Ultimately, an application for condonation is a request for an
indulgence, and a party
seeking that indulgence must demonstrate that
it deserves it by showing good cause. In this case, Kekana had
clearly not shown
good cause.
[23]
In the light of the above, it follows that the Commissioner’s
decision in granting
condonation in circumstances where good cause
was not shown, cannot be said to have exercised his discretion
fairly, rationally
or reasonably. At the opposite end, the invariable
conclusion to be reached is that in exercising his discretion, the
Commissioner
did so for insubstantial reasons, and
committed
a misdirection and an irregularity.
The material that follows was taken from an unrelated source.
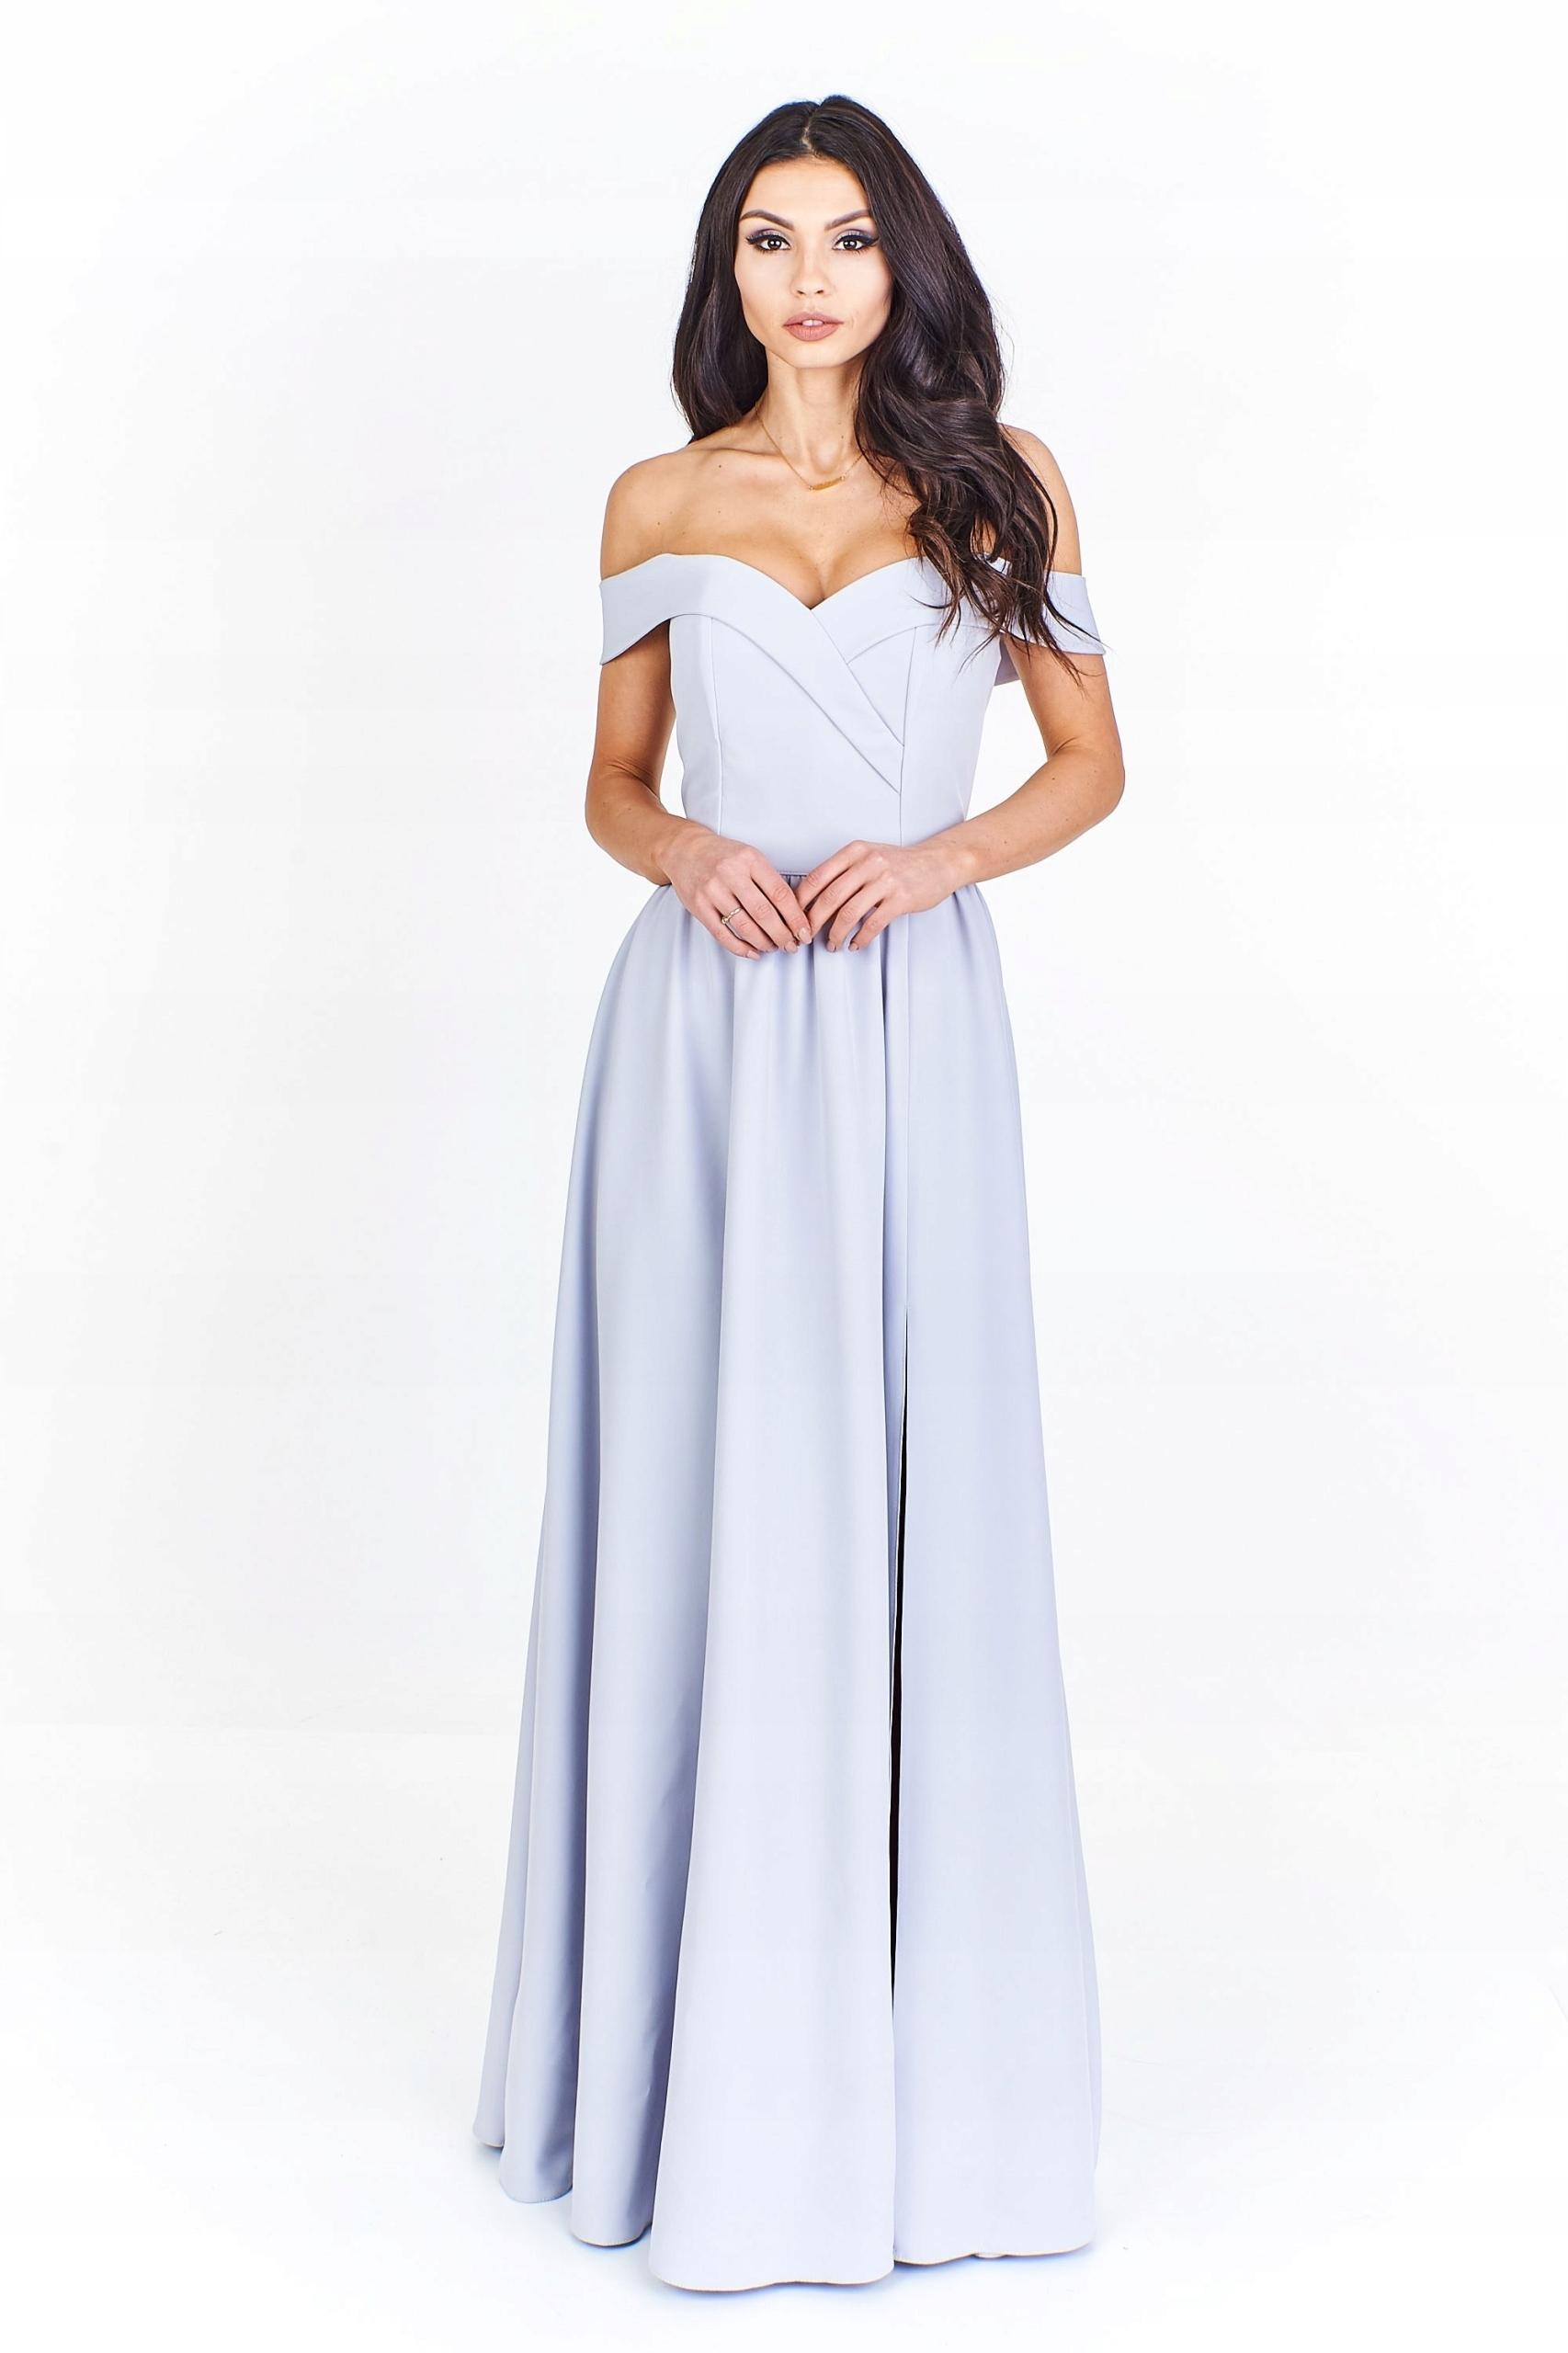 c026c23529 suknia carmen w kategorii Suknie wieczorowe w Oficjalnym Archiwum Allegro -  archiwum ofert

It follows from these conclusions
that first, the condonation ruling cannot stand,
and second,
the
arbitration award issued by the third respondent equally ought to be
set aside on the basis that Commissioner Oppelt lacked
jurisdiction.
[24]
Further in the light of the material placed before the Court, no
purpose would be served
by remitting the matter back to the GPSSBC,
and the Court is in a position to substitute the Commissioner
Siavhe’s ruling.
I have had regard to the requirements of law
and fairness, and in the light of the circumstances of the case, I am
of the view
that no order as to costs should be made.
[25]
In the premises, the following order is made;
Order:
1. The Condonation Ruling
issued by the Second Respondent dated 4 March 2016 under
case number GPBC 2760/2015 is reviewed,
set aside and substituted
with an order that;
‘
The application
for condonation for the late referral of an alleged unfair dismissal
dispute by the PSA on behalf of Ms Rachel Kekana
to the GPSSBC is
dismissed’
2. The arbitration award
issued by the Third Respondent under case number GPBC 2760/2015 dated
13 March 2017 is set aside.
3. There is no order as
to costs
___________________
Edwin
Tlhotlhalemaje
Judge
of the Labour Court of South Africa
Appearances:
For
the Applicant: W.P
Bekker, instructed by Gildenhuys Malatji INC
For
the First Respondent: Makgamatha,
instructed by MM Mitti INC Attorneys
[1]
Which
states:
‘
The
Labour Court may not review any decision or ruling made during
conciliation or arbitration proceedings conducted under the
auspices
of the Commission or any bargaining council in terms of the
provisions of this Act before the issue in dispute has been
finally
determined by the Commission or the bargaining council, as the case
may be, except if the Labour Court is of the opinion
that it is just
and equitable to review the decision or ruling made before the issue
in dispute has been finally determined.’
[2]
Act
66 of 1995 (as amended)
[3]
1962
(4) SA 531
(A) at 532B-E, where it was held that;
‘
In
deciding whether sufficient cause has been shown, the basic
principle is that the Court has a discretion, to be exercised
judicially upon a consideration of all the facts, and in essence it
is a matter of fairness to both sides. Among the facts usually
relevant are the degree of lateness, the explanation therefor, the
prospects of success and the importance of the case. Ordinarily
these facts are interrelated, they are not individually decisive,
save of course that if there are no prospects of success there
would
be no point in granting condonation. Any attempt to formulate a rule
of thumb would only serve to harden the arteries of
what should be a
flexible discretion. What is needed is an objective conspectus of
all the facts. Thus, a slight delay and a
good explanation may help
to compensate prospects which are not strong. Or the importance of
the issue and strong prospects may
tend to compensate for a long
delay. And the Respondent’s interests in finality must not be
overlooked”
[4]
2017 (6) SA 90
(SCA) at para [26]
[5]
See
Brummer
v Gorfil Brothers Investments (Pty) Ltd and others
[2000] ZACC 3
;
(2000
(2) SA 837
(CC)
[6]
See
NUMSA
and Another v Hillside Aluminium
[2005]
6 BLLR 601 (LC)
[7]
See
Motloi
v SA Local Government Association
[2006] 3 BLLR 264
(LAC) para [16];
NUMSA
v Fibre Flair cc t/a Kango Canopies
(2000) 21 ILJ 1079 [LAC] 1081 at G-1082A;
Cowley
v Anglo Platinum & others
JR 2219/2007;
[2016] JOL 35884
(LC) at para 21;
Coates
Brothers Limited v Shanker and Others
[2003] ZALAC 12
at para 5, where it was held that;
‘
I
have referred in para [3] above to the case of National Union
of Metalworkers of SA & Others v Fibre Flair CC in
which
were summarised the relevant principles with regard to the
interference with a discretion which is to be judicially exercised.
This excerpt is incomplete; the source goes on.